Here is what is the saddest part I am a long time and very respected member of ubuntuforums and the Linux world in general. I am not a fly by night flash in the pan. I and others who are active on the CafeLinux.org team have given of their own finances, their own precious time to give to the greater good of the Linux community. There are NO ads or even donation buttons for CafeLinux.org. There is a button for Ubuntu, and on the home page I have attempted to bring awareness to the Somaly Mam Foundation. 

This action by the Mod and by the admin, is not only disrespectful but it violates everything that Ubuntu stands for!

I realize I have been targeted to be banned, but by building up ambiguous infractions against me is ludicrous.

I *request* that the last two SPAM infractions be lifted and I receive a public apology.

I look forward to a reasonable and intelligent response.

----------


## RAV TUX

Let me tell a little story about my experience with Linux, it started with Ubuntu. 

Ubuntu and ubuntuforums.org where my first introduction to Linux. It is here that I have always considered home.

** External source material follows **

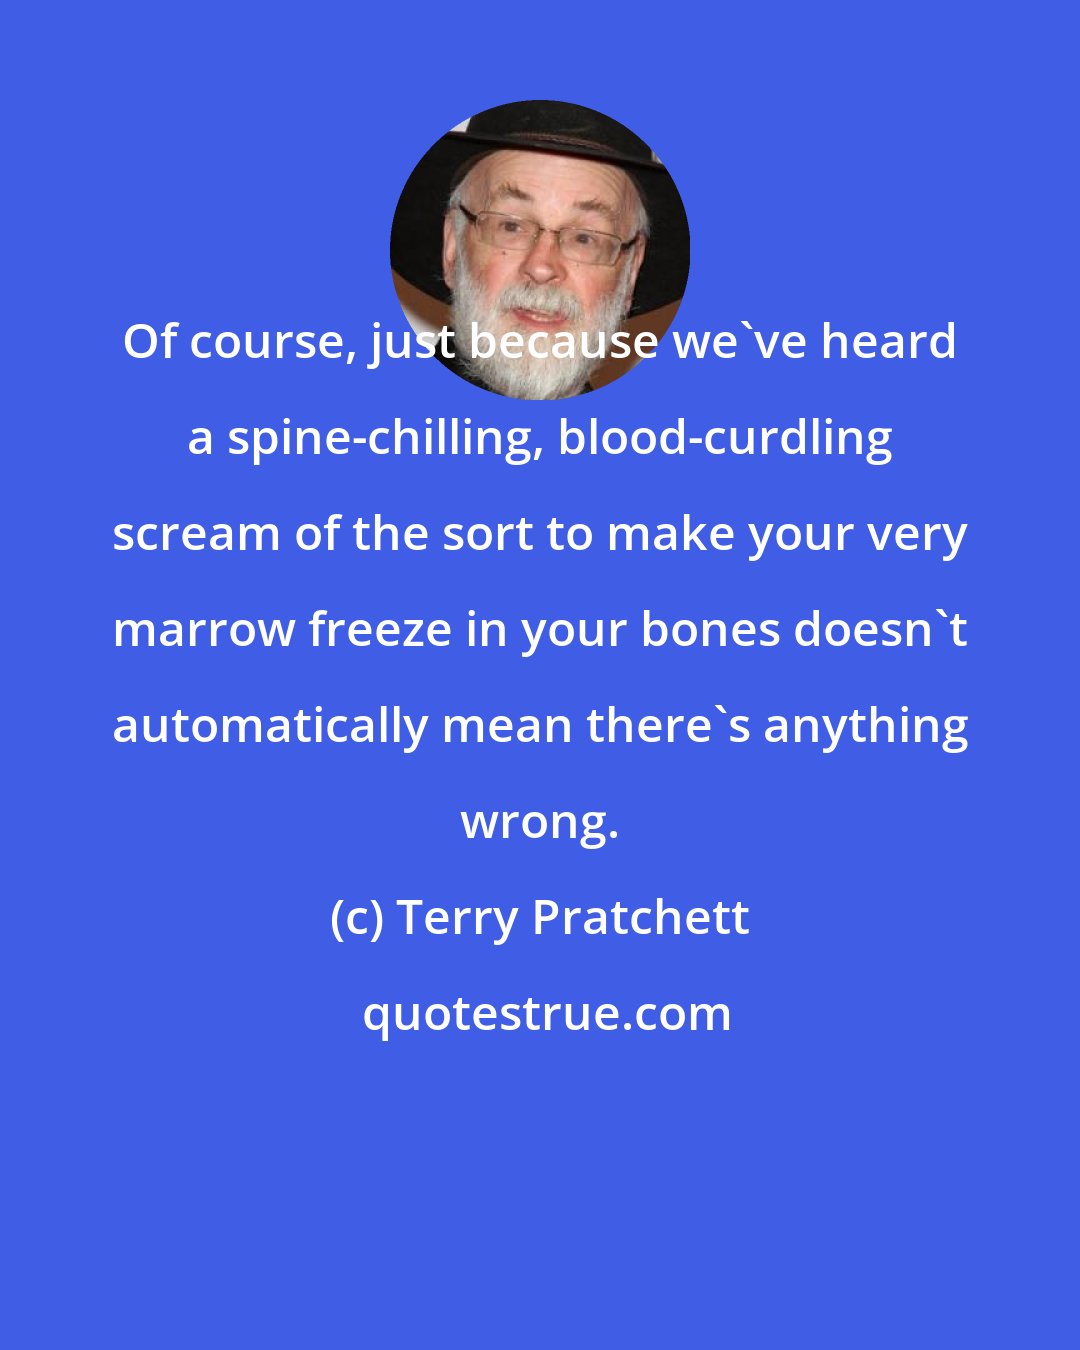 Terry Pratchett: Of course, just because we've heard a spine-chilling, blood-curdling scream of the sort to make your very marrow freeze in your bones doesn't automatically mean there's anything wrong.

It is where I volunteered time as a moderator and sacrificed countless hours in service to Ubuntuforums.

It is here where CafeLinux.org was born and from these forums like so many other projects that are Linux-centric based. 

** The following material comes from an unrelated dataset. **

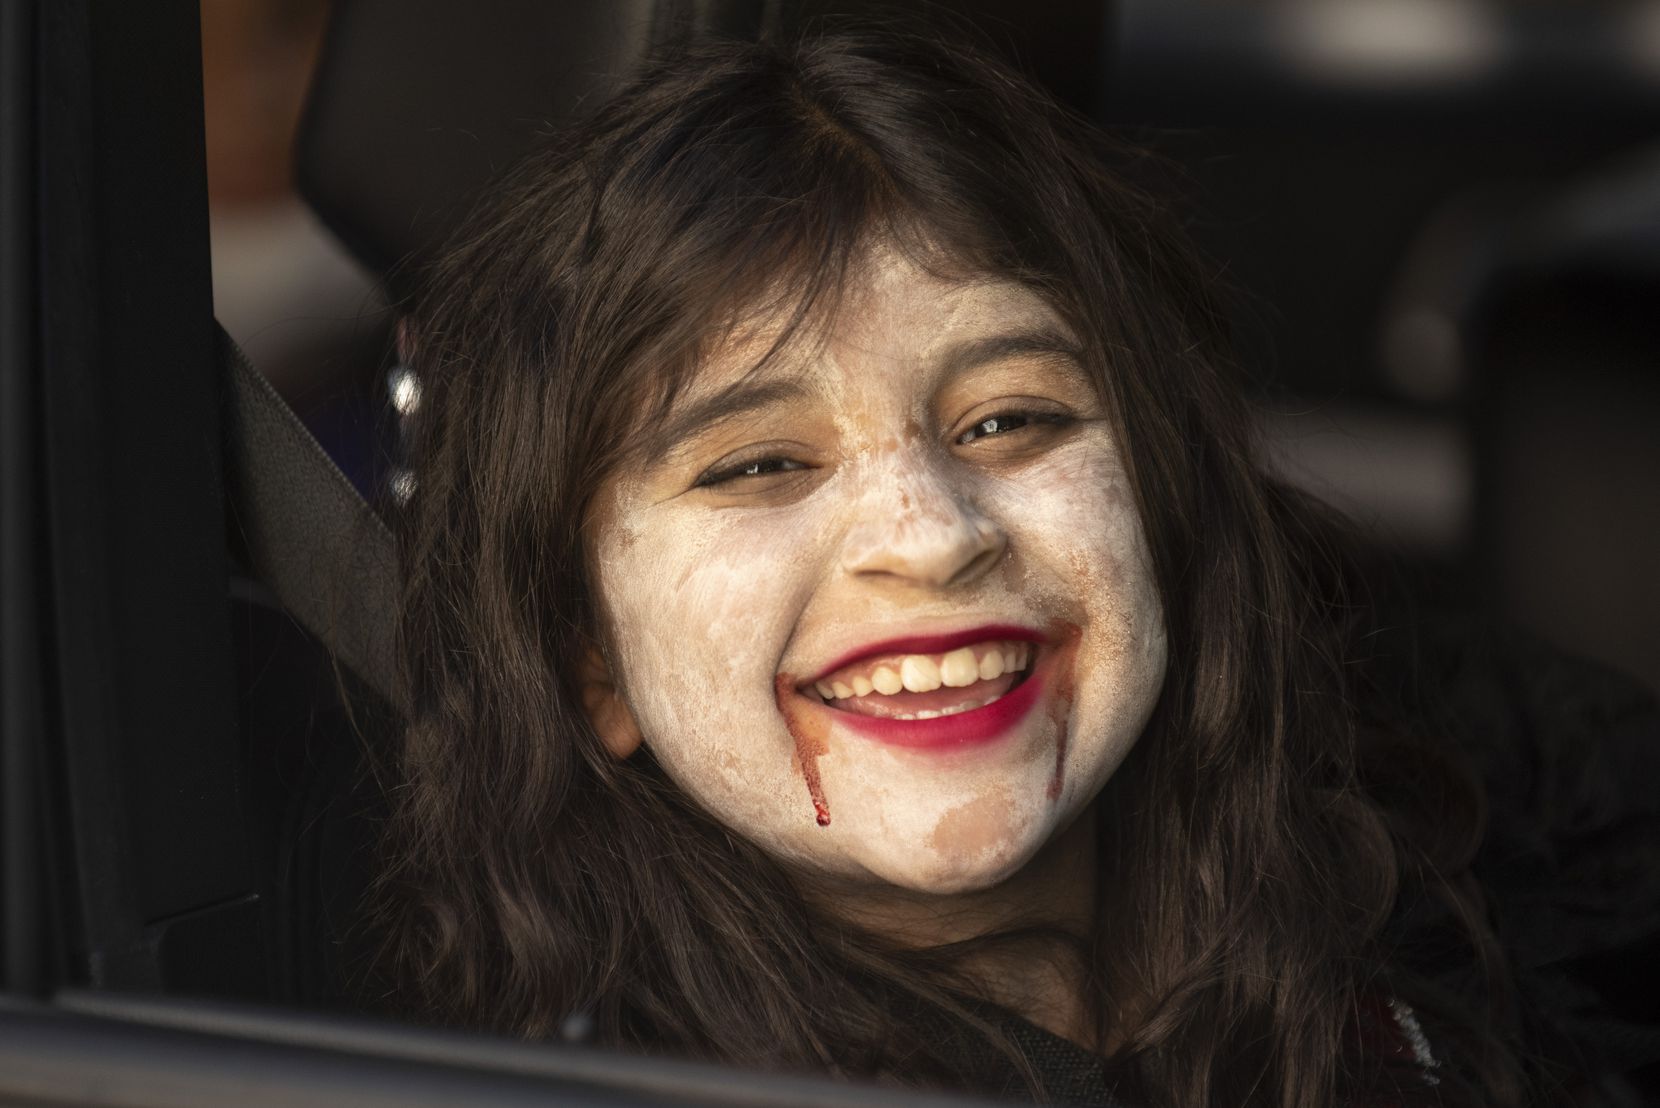 Victoria Rodriguez, 8, dressed as a young vampire, giggles as her family drives through the contactless Candy Caravan event hosted by The City of Dallas at Dallas Heritage Village, on Saturday, Oct. 31, 2020.

CafeLinux.org, is more then a website, more then a dedicated server, it is the beginning of a foundation that is here to help Linux and Open Source projects. We have helped in the past and are actively helping many projects, including but not limited to OpenGeu, PokerTh, gOS and others. 

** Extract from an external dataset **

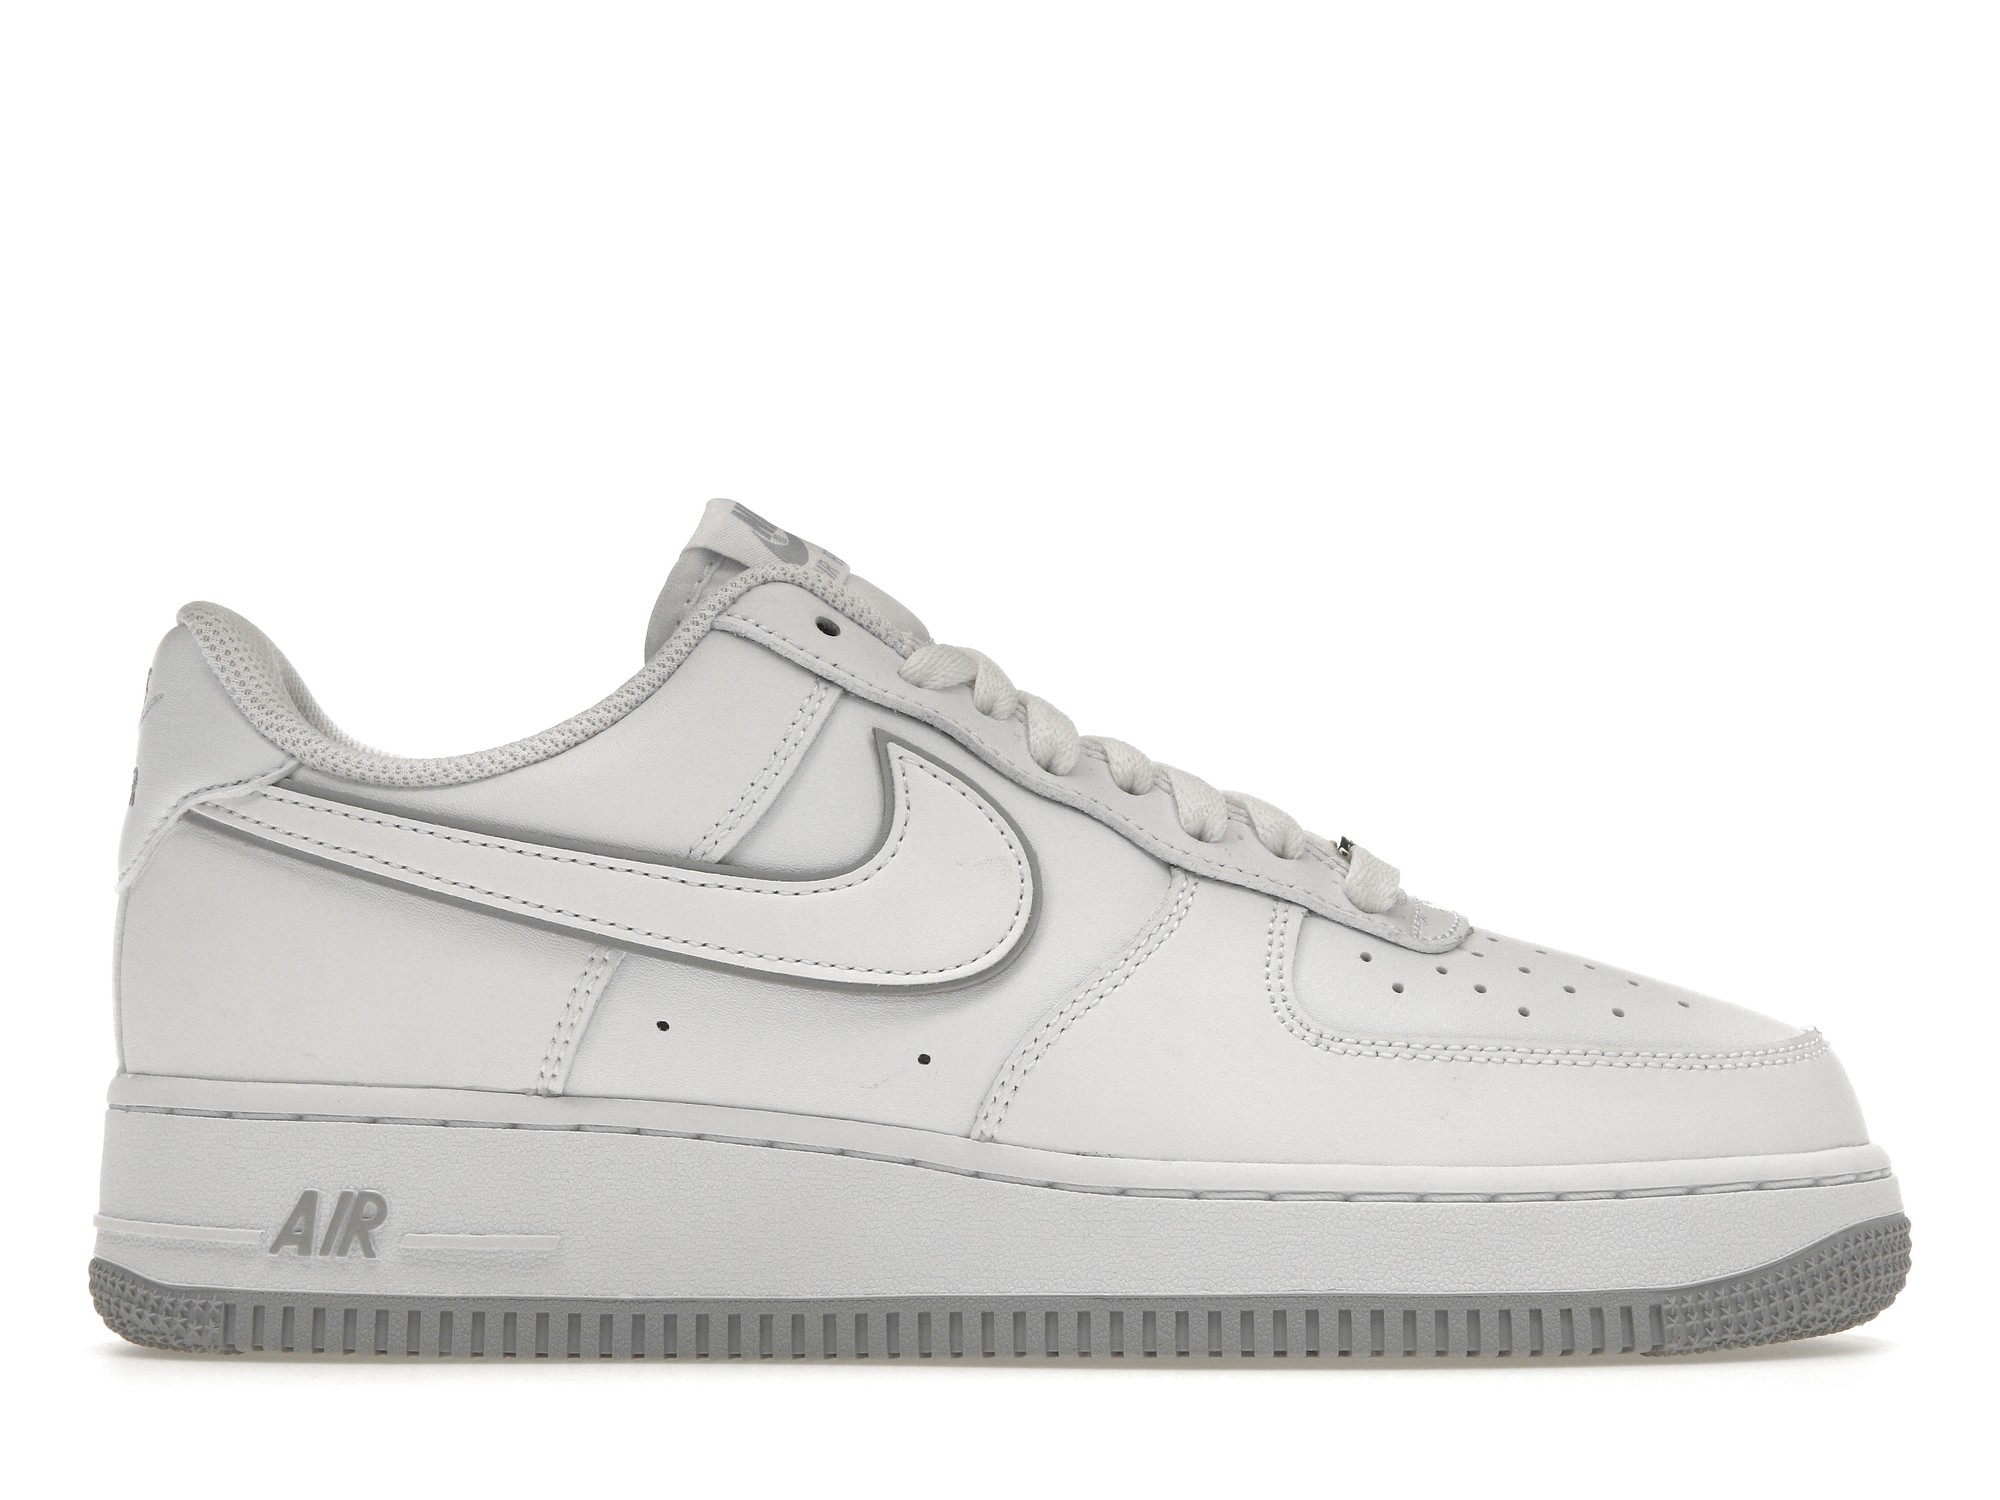 Nike Air Force 1 '07 Low White Wolf Grey Sole Men's - DV0788-100 - US

We have built a reliable organization that has never asked for donations or placed  ads on websites.

How can ubuntuforums do this to one of their own?

I not only ask the admins here, but I make a public plea to Mark Shuttleworth. Is this the Ubuntu that you founded and that you want the world to embrace?

I have started to build a foundation in the Linux world, cafelinux.org. I have even hosted the development of a Ubuntu derivative OzOs.

This saddens me greatly. 

Where is the authenticity in the word Ubuntu that this distro has built a reputation on?

Please take a look at The CafeLinux Team, is this a moral or ethical move that is being made by the Admins?

I make one request, that Matthew not respond in this thread. Since as moderators and as a Admin he attacked me in the staff threads for my political and religious beliefs. All where silent then, unfortunately I was silent when he was being appointed to moderator. Lets not bring up the ugly truth here.

----------


## RAV TUX

> ...unfortunately I was silent when he was being appointed to moderator. Lets not bring up the ugly truth here.


moderator should read 'administrator'. 

(since the edit function is disabled in this forum I have to make multiple post instead of mere edits)

----------


## ubuntu-geek

Rav, we will review the situation and post accordingly. We request patience while we review the issue at hand.

----------


## ubuntu-geek

The FC feels you have been given enough chances throughout the past and unfortunately the behavior and sporadic posting continues. The FC has determined that you have had enough warnings/chances and we will be closing your forum account. We wish you the best of luck in the future.

----------